Can micropython be used to make Android apps?

  • rupellohn 10 years ago

    For regular Android apps using Python you might want to look into Kivy: https://kivy.org/docs/guide/android.html

  • dbcurtis 10 years ago

    first, lets be clear about Micropython, the software versus PyBoard, the reference hardware. Micropython on a Pyboard is runnunig on bare metal with no OS. Micropython is very portable, and builds nicely on Linux, yielding a nice small-footprint Python. I am not aware of a build for Android, but it seems like it should be straightforward. Everything about Micropython is tuned for low memory footprint, so it might be a great tool for Android aps.

    • unwind 10 years ago

      But Android is based on Linux, i.e. it wouldn't allow MicroPython to run directly on the bare metal.

      So that would seem to make actual Python a better candidate for Android porting. I found http://qpython.com/ which seems interesting, but the site didn't look finished.

      • inclemnet 10 years ago

        Python indeed runs fine on Android once you can get it to compile (the interpreter needs to be patched to compile with bionic, or can be compiled without patches using the CrystaX NDK). The Kivy graphical framework has the associated python-for-android project [1] taking care of doing this plus including other components like Python modules (including complex ones like numpy) and can compile with different kinds of backend (not just Kivy). There are also other projects running Python on Android in different ways.

        [1] https://github.com/kivy/python-for-android

      • dbcurtis 10 years ago

        Yes, it would run on Android the way it runs on Lunux, as an OS process. The benefit is extreme parsimony with respect to RAM use.

  • pfalcon 10 years ago

    I started Android port: http://forum.micropython.org/viewtopic.php?f=15&t=898 . It's primary goal not to make normal Android apps (.apk's), but to access Android APIs from command line (like adb). Here's quick example what it can do: https://github.com/pfalcon/micropython-projs/tree/master/and... . I also have an OpenGLES example someone which turns out I missed to push. Of course, I though about making "normal" apps too, but that would be a long way and bunch of effort.

    With ESP8266 port kickstarter, Android port is put on hold.

  • ecopoesis 10 years ago

    You'd be better off trying to to use Jython (which compiles Python to JVM bytecode) because that would give you interop with Android's Java libraries.

    • inclemnet 10 years ago

      I'm not aware of anyone having succeeded with Jython - I think there are technical issues but I'm not sure what's the nature of the problem.

      One option for interacting with java from python is to use tools like pyjnius (http://pyjnius.readthedocs.org/en/latest/) - this is what e.g. Kivy does to get system information like screen metrics.

      • pfalcon 10 years ago

        MicroPython Android support mentioned above is exactly inspired by pyjnius. My initial interest for uPy Android is to just hack on Android, not produce walled-garden (APK) apps. But I intended to post about this effort on Kivy list to see if someone might be interested. The idea might be to have something small, like https://love2d.org/ , but in Python.

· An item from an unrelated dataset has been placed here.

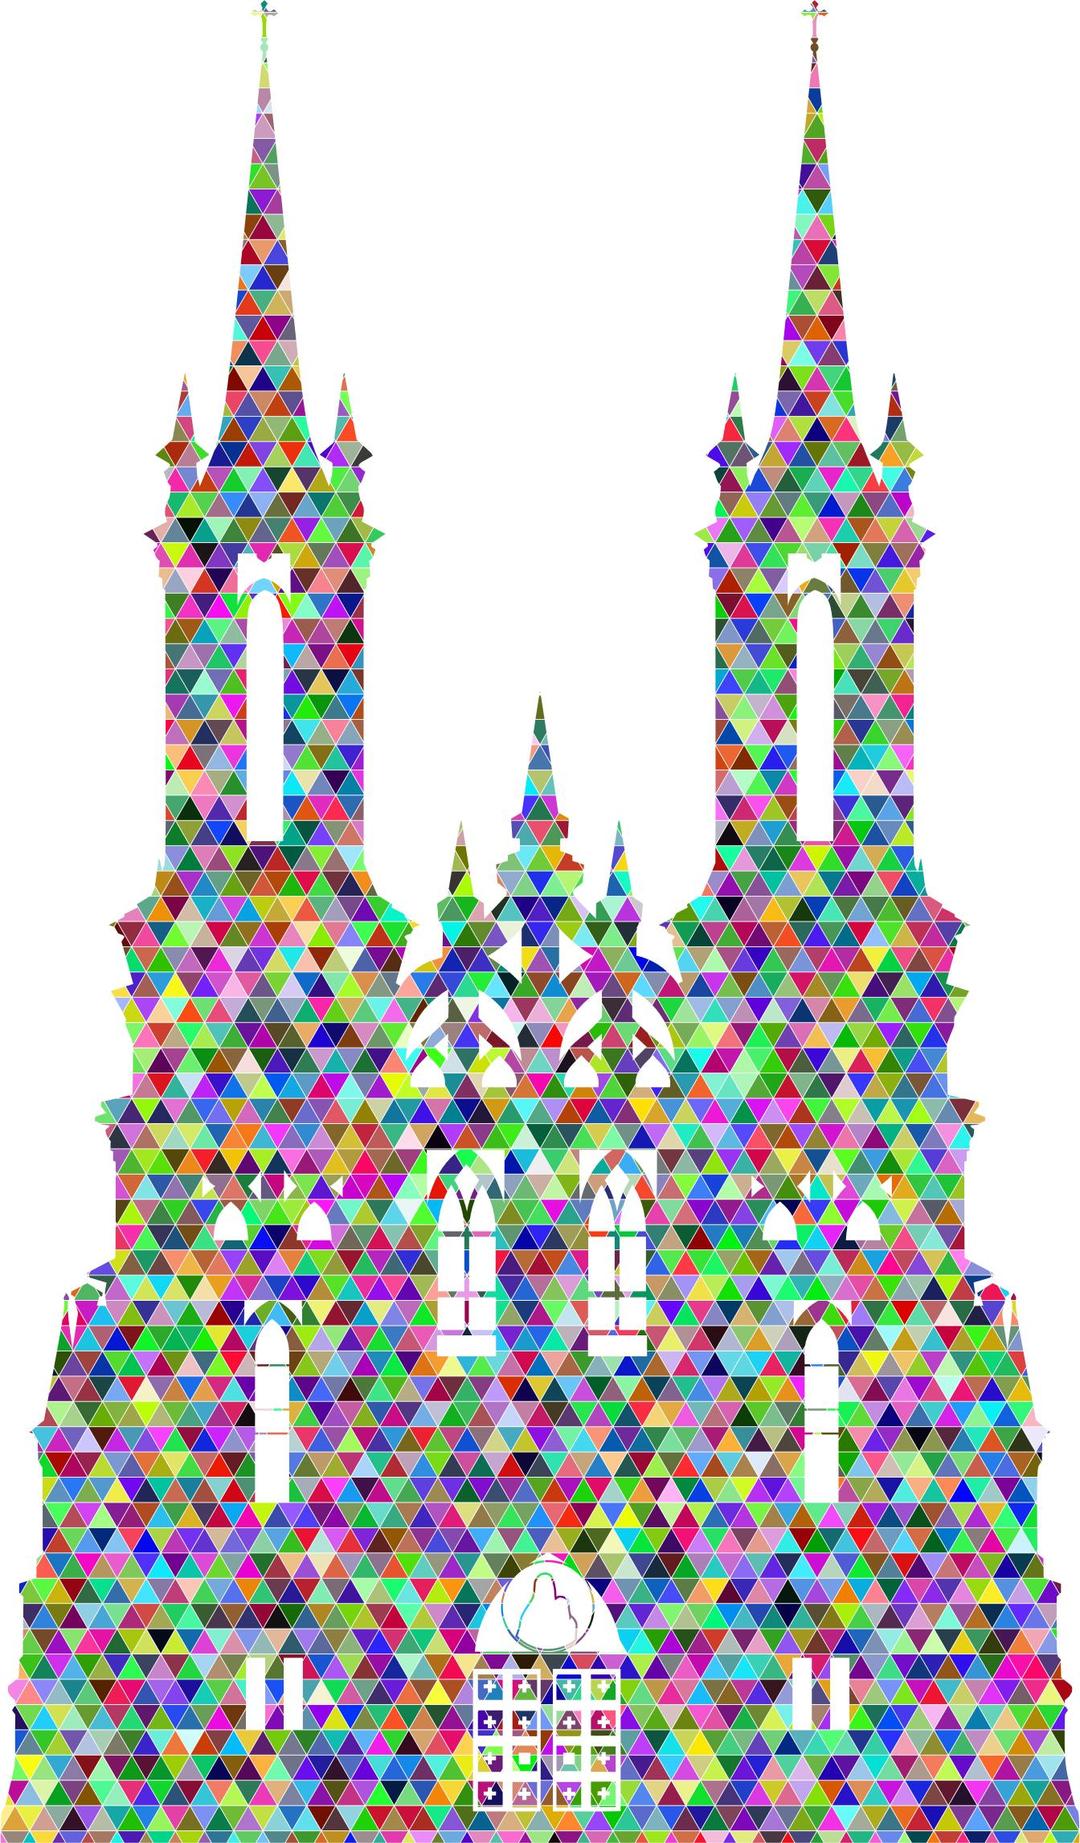 Prismatic Triangular Mosaic Gothic Castle png transparent

Note that I myself not really interested in cloning love2d, but if some readers of these comments would find idea interesting and could spread the word to Kivy circles, that would be appreciated (you never know what may come up if wide community gets involved - that's the beauty of Open Source).

  • cushychicken 10 years ago

    You could likely interface with Android using MicroPython's wifi interface (which will almost certainly be included in the upcoming ESP8266 release) or using the micro:bit's Bluetooth Low Energy link.